Apptainer / Singularity:

#!/bin/bash
#SBATCH -A my_account
#SBATCH -p gpu
#SBATCH -N 2
#SBATCH --gpus-per-node=8
#SBATCH --time=01:00:00

CONFIG=examples/llm_finetune/llama3_2/llama3_2_1b_squad.yaml

export MASTER_ADDR=$(scontrol show hostnames "$SLURM_JOB_NODELIST" | head -n 1)
export MASTER_PORT=13742

srun apptainer exec --nv /shared/images/automodel.sif \
    bash -c "\
        torchrun \
            --nproc-per-node=\${SLURM_GPUS_PER_NODE:-8} \
            --nnodes=\${SLURM_NNODES:-1} \
            --rdzv_backend=c10d \
            --rdzv_endpoint=\${MASTER_ADDR}:\${MASTER_PORT} \
            -m nemo_automodel.cli.app ${CONFIG}"
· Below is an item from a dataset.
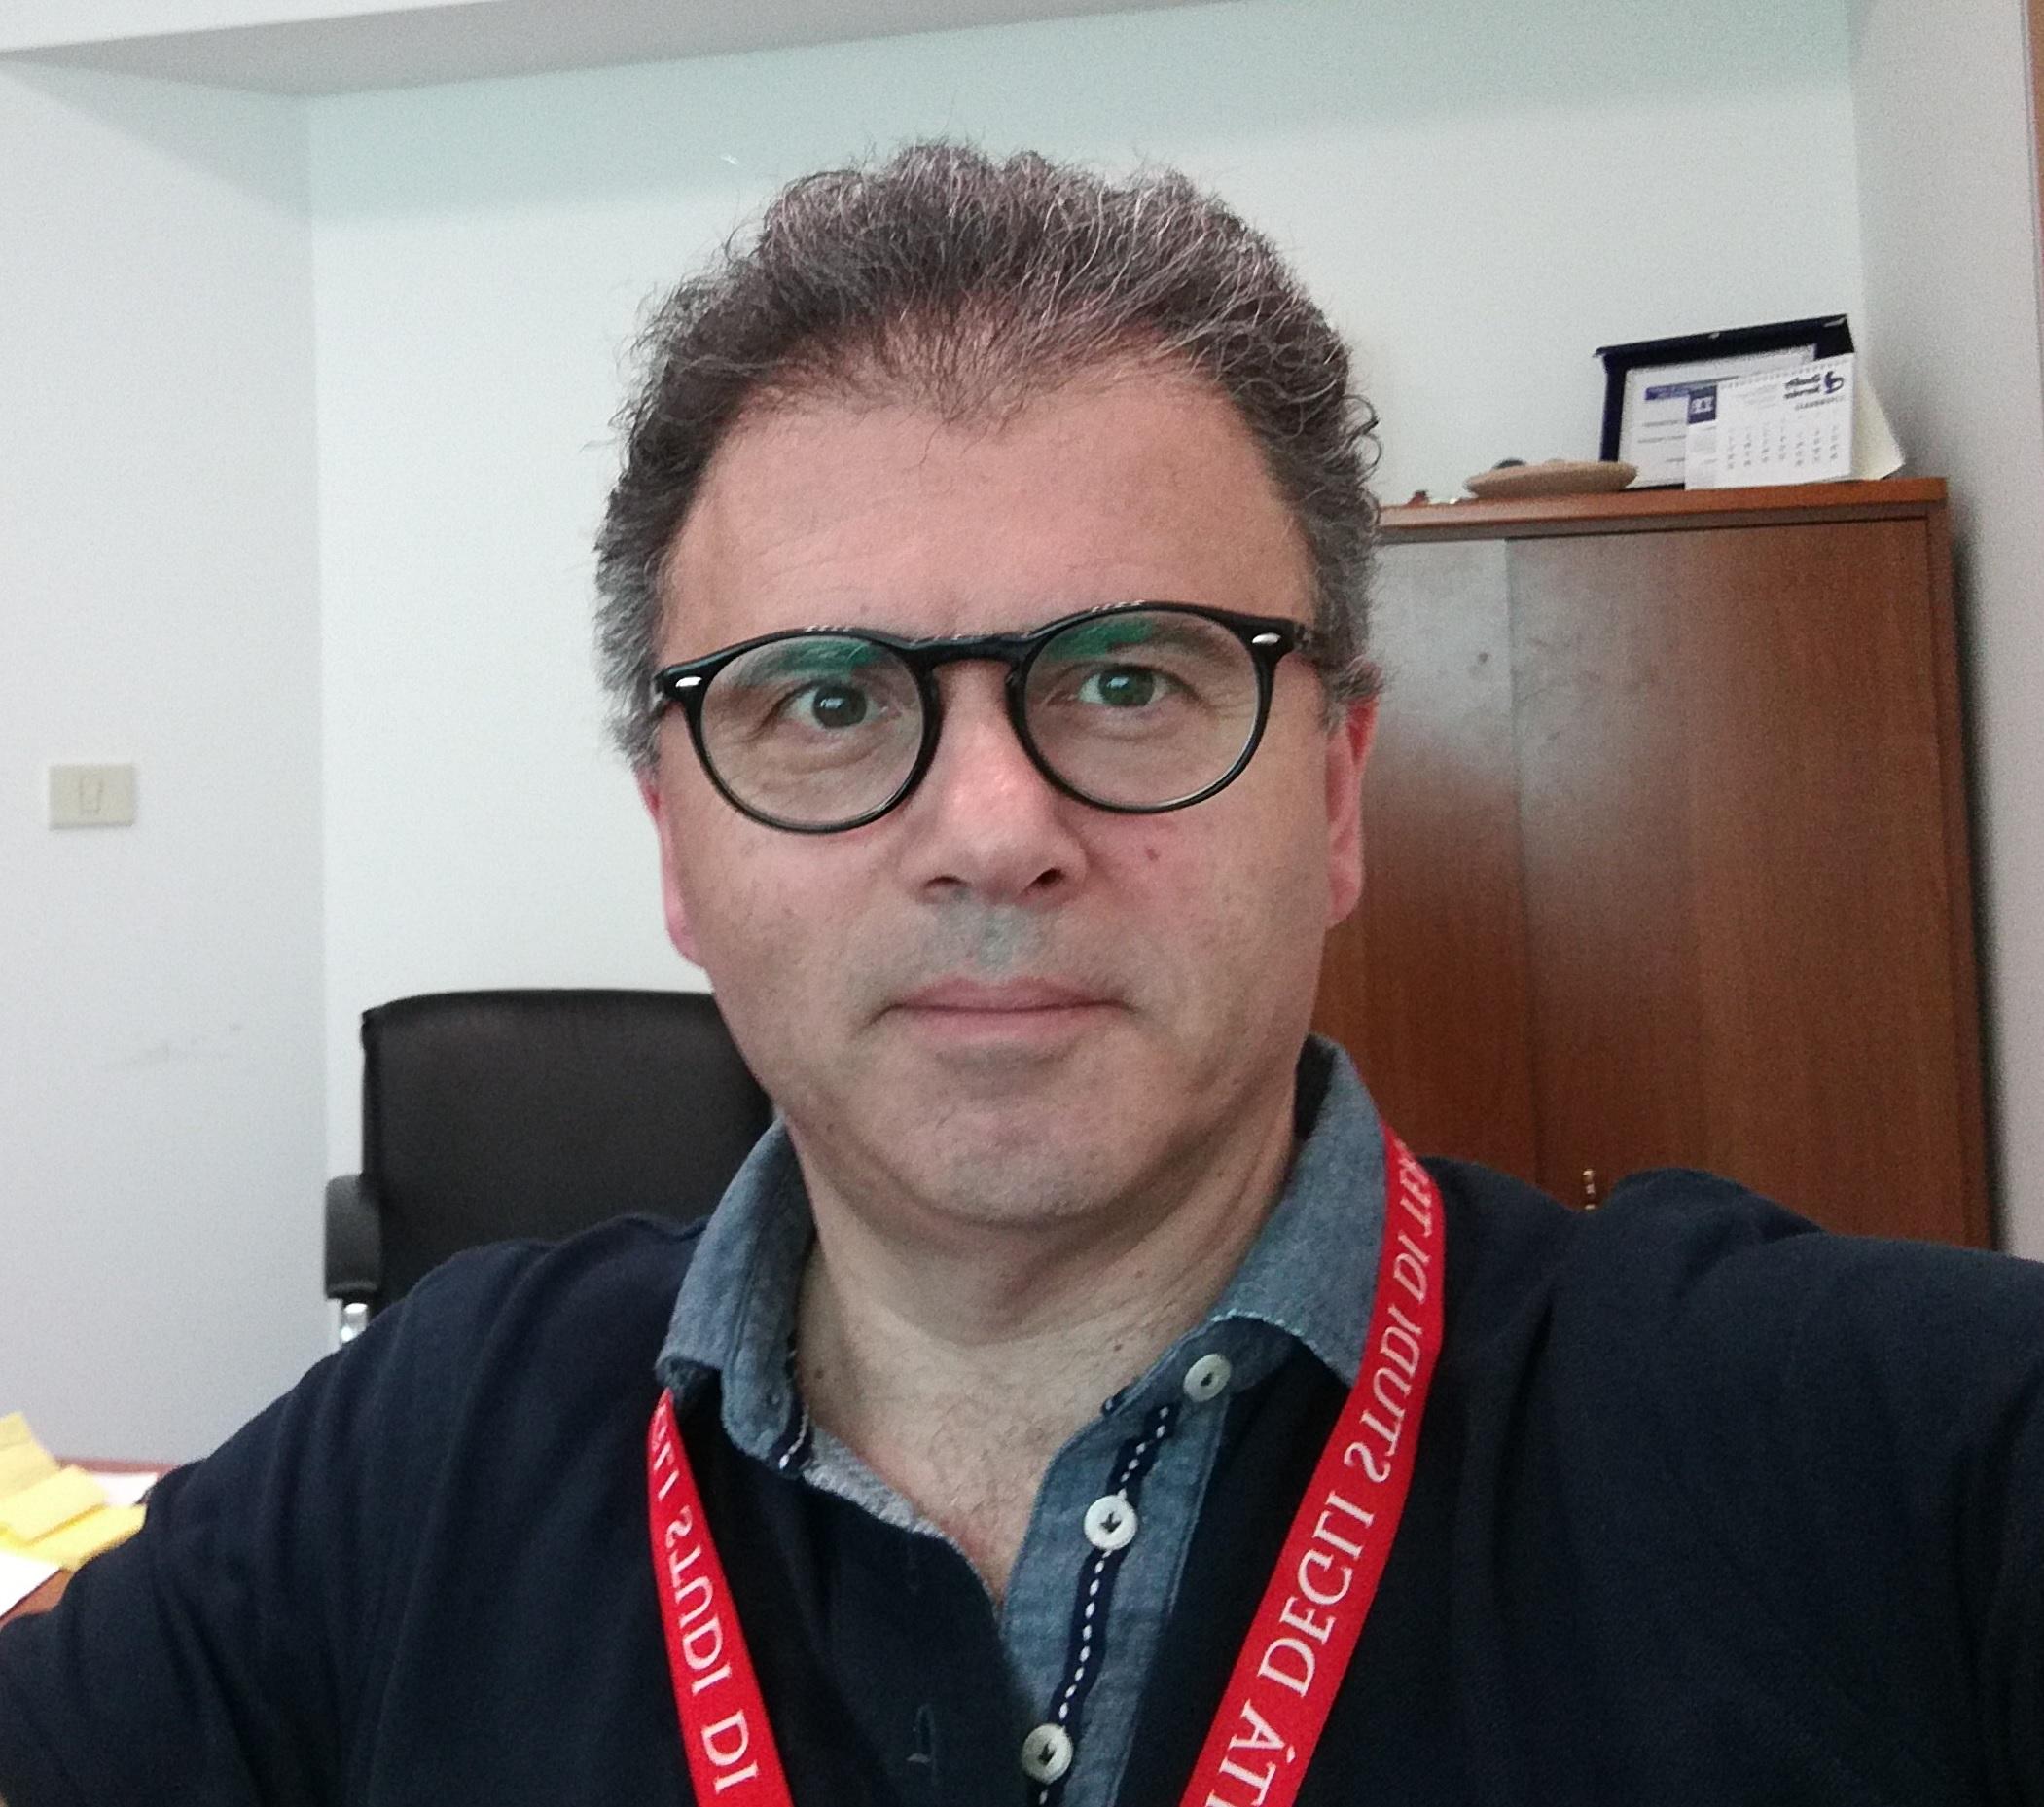 Prof. COMPAGNONE Dario

Launch with Modified Code#

If the script is executed from within a Git repository accessible to Slurm workers, automodel will use the repository source over the installation inside the container image (it prepends $CWD to PYTHONPATH when it detects an editable checkout).

git clone git@github.com:NVIDIA-NeMo/Automodel.git automodel_test_repo
cd automodel_test_repo/
sbatch slurm.sub

Customize Configuration Settings#

You can customize training by following the steps in this section.

  1. Override config values: Edit the CONFIG variable and add CLI overrides in your torchrun command inside the sbatch script. For example, to change the model:

    -m nemo_automodel.cli.app ${CONFIG} --model.pretrained_model_name_or_path Qwen/Qwen3-0.6B
    
  2. Edit the config file: Modify the YAML directly for persistent changes.

  3. Create custom configs: Copy and modify existing configurations from the examples/ directory.

For single-node workflows, see our Run on Your Local Workstation guide.